They just don't get it !

(22 Posts)
Totallylost Thu 15-Aug-19 19:57:38

It's now been 2 years since my DH died so suddenly and so unexpectedly, I'm sure everyone thinks I must 'be over it' whatever 'it' is, even my daughter now just carrys on as normal , if I say anything I feel as though I'm harping on and moaning , I'm not , I just miss him so bloody much . Sorry I'm not looking for a solution honestly, I just wanted someone to understand

crazyH Thu 15-Aug-19 20:06:03

I divorced after 25 years of marriage. Just the other day , I was telling the children, I would be sad if anything happened to their Dad, so I can well imagine how really devastated you must be. Just thank the Lord for the blessings in your marriage and keep his memory alive, by talking about him, even to a stranger, if that helps. And try to make the best of your life. Best wishes x

phoenix Thu 15-Aug-19 20:07:46

Totallylost there is no prescribed time for grieving, and it is different for everyone.

Your daughter "carrying on as normal" doesn't mean that she doesn't miss her father, she probably has her sad moments, but may not show them.

It's hard, I appreciate that, but just go day by day, keep putting one foot in front the other (cliches I know, but true) and treasure the happy times that you shared.

Would your husband want you to be sad and unhappy? Probably not.

tanith Thu 15-Aug-19 20:08:33

I lost my husband less than a year ago and I miss him every single day, but I get it that the world moves on, so I keep my bad days to myself mostly. My family talk about him a lot but it’s all the good memories which keeps him close to all of them. Talk about the happy times with them rather than the sadness and they may be more empathetic.

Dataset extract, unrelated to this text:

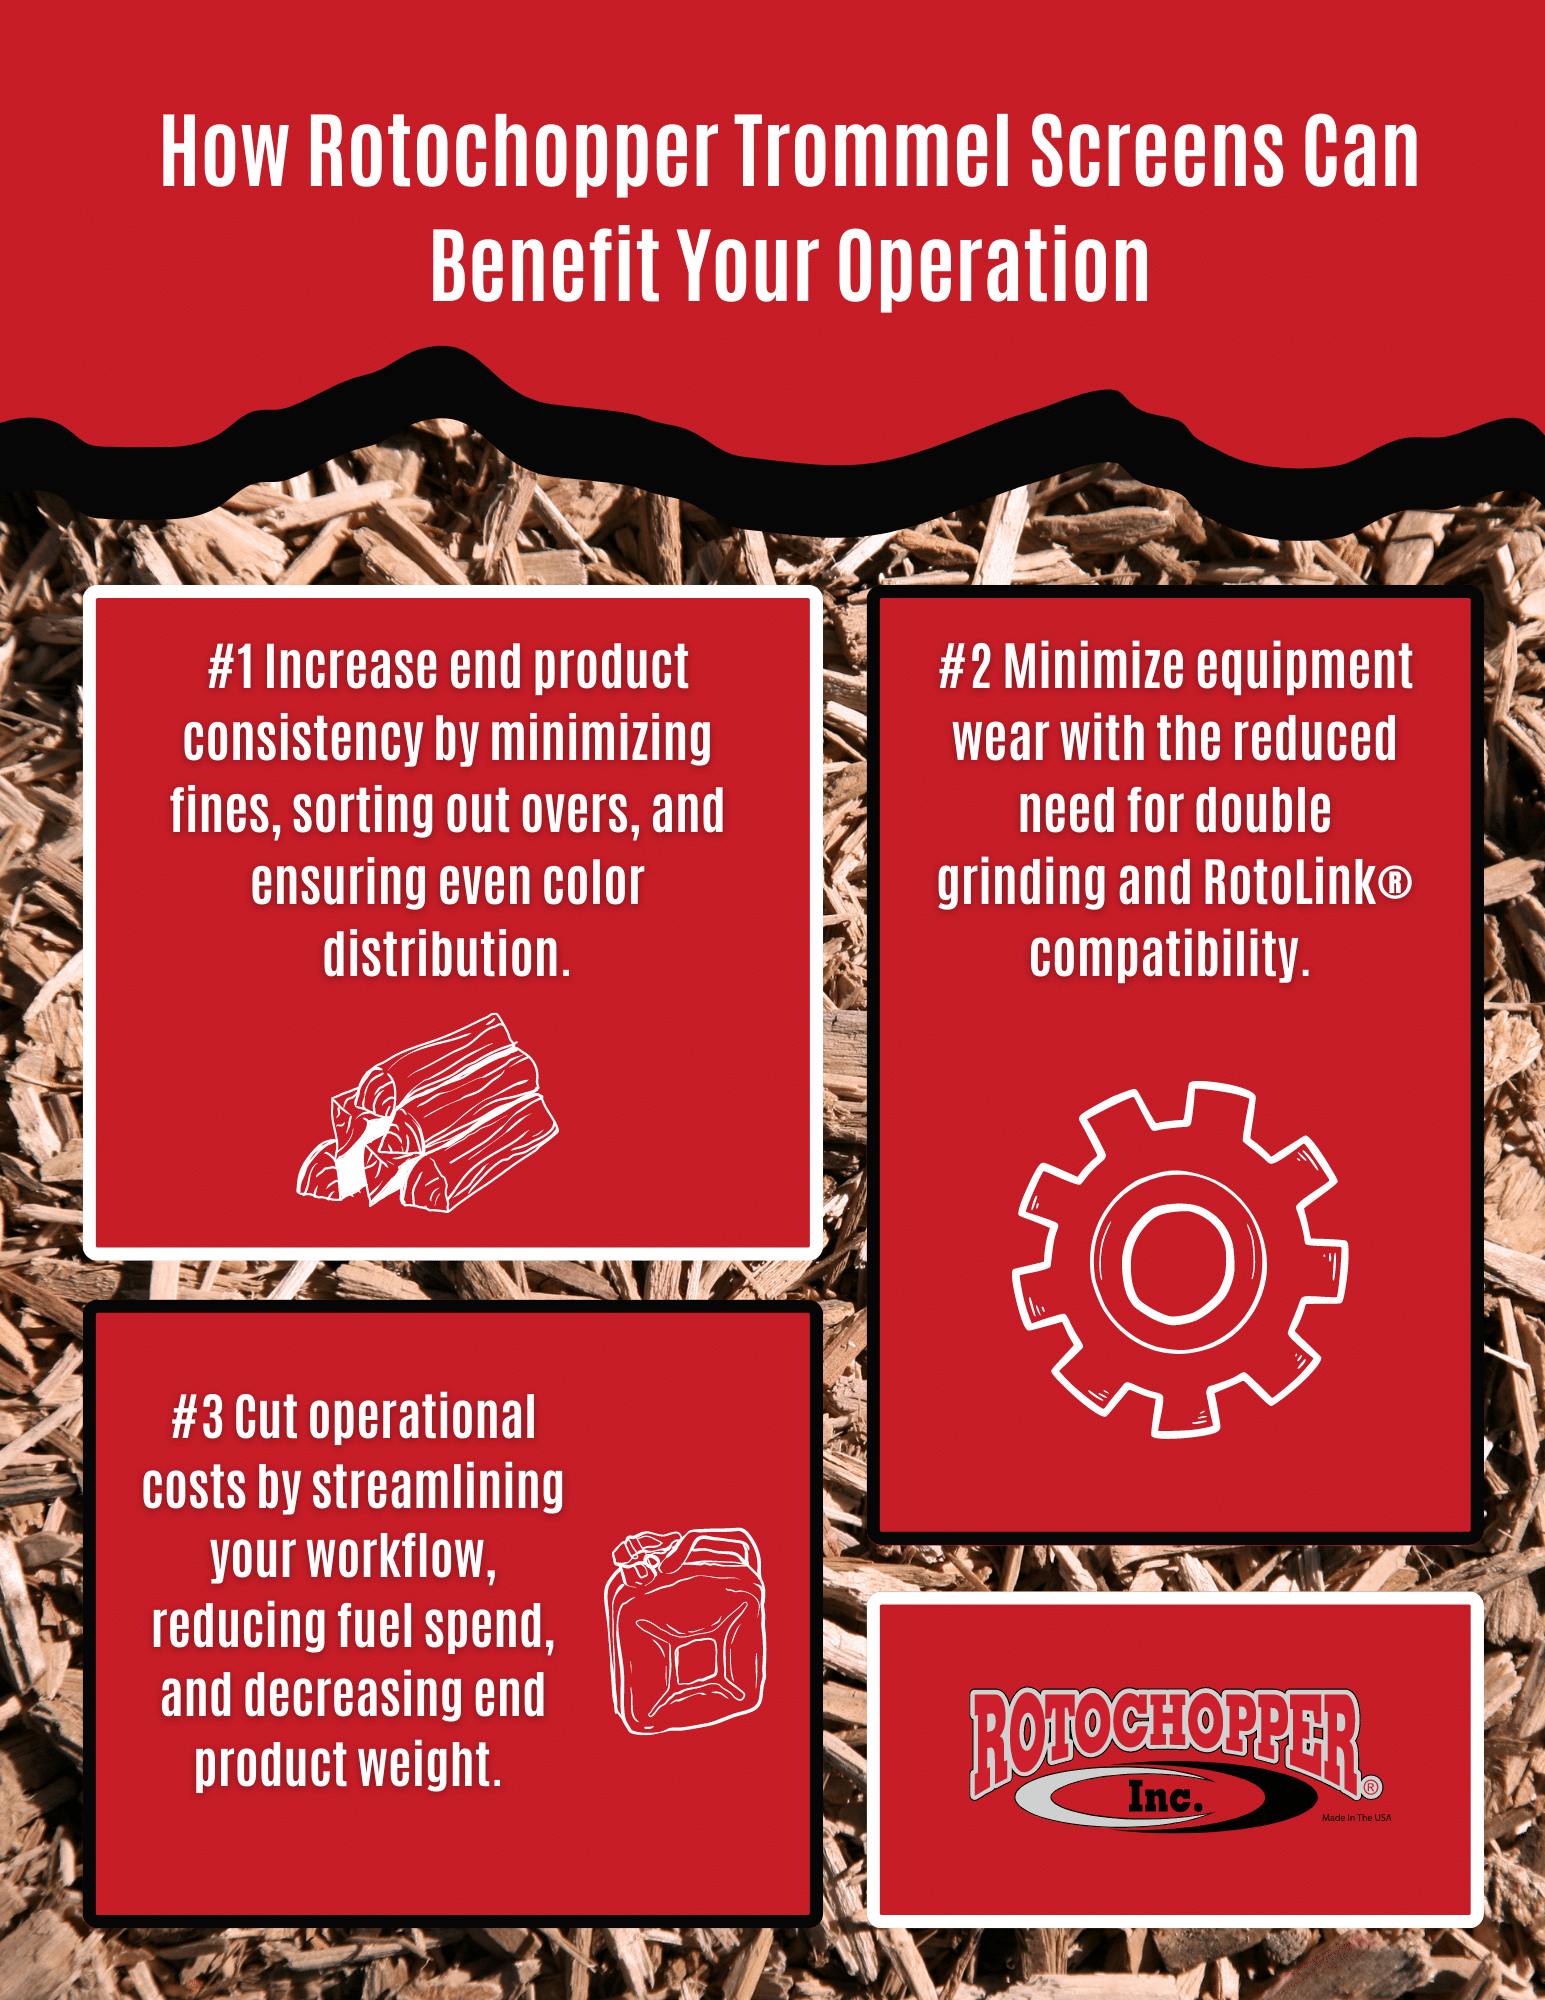 infographic depicting the benefits of a rotochopper trommel screen

I know it’s hard and I do understand, maybe talking to a bereavement councillor would help.

Bordersgirl57 Thu 15-Aug-19 20:15:42

Message withdrawn at poster's request.

Totallylost Thu 15-Aug-19 20:19:36

Yes I agree with you all, and I do know life moves forward and others loved him too, I'm just finding that year 2/3 is harder because everyone else still has that other person to share even the silences with . Most of the time I'm very positive and ok and cope, sorry just a down day today I suppose

MawB Thu 15-Aug-19 20:25:35

I totally understand totallylost, tanith as indeed I do for bluesapphire, alygran annsixty , marmight and all those who have lost a life’s partner.
There is no such place as “over it”, and happy memories are lovely, but there will inevitably the sad ones, the memories of “this time last year” or “this time two years ago “ or “five years ago” , the anniversaries, birthdays or children’s and grandchildren’s birthdays and what the rest of the world may not understand is that just because you pin a brave face on every day does not mean you are in bits inside.
Perhaps a bereavement counsellor might be helpful, I have thought about it too, but somehow haven’t felt like taking that plunge.
Your adult children may be in a difficult place, it is their loss too, and while they have their own partners and lives to help them get on, they too will have sad times which perhaps they don’t even “confess” to you.
I have had to weather some hurtful comments from people who seemed to think that I should be “getting over it”, and save my tears for when I am alone.
You are doing very well, you are still here and able to be open about your loss. There is no “over it” just putting one foot in front of the other as he would have wished you to.
Feeling for you flowers
If you possibly can bear it
“Do not grieve because he is no more, be glad because he was

Luckygirl Thu 15-Aug-19 20:29:47

I am not sure that people do assume that you have got over your bereavement - most people do understand that it takes a very long time. Everyone has been bereaved in some way and knows how it feels.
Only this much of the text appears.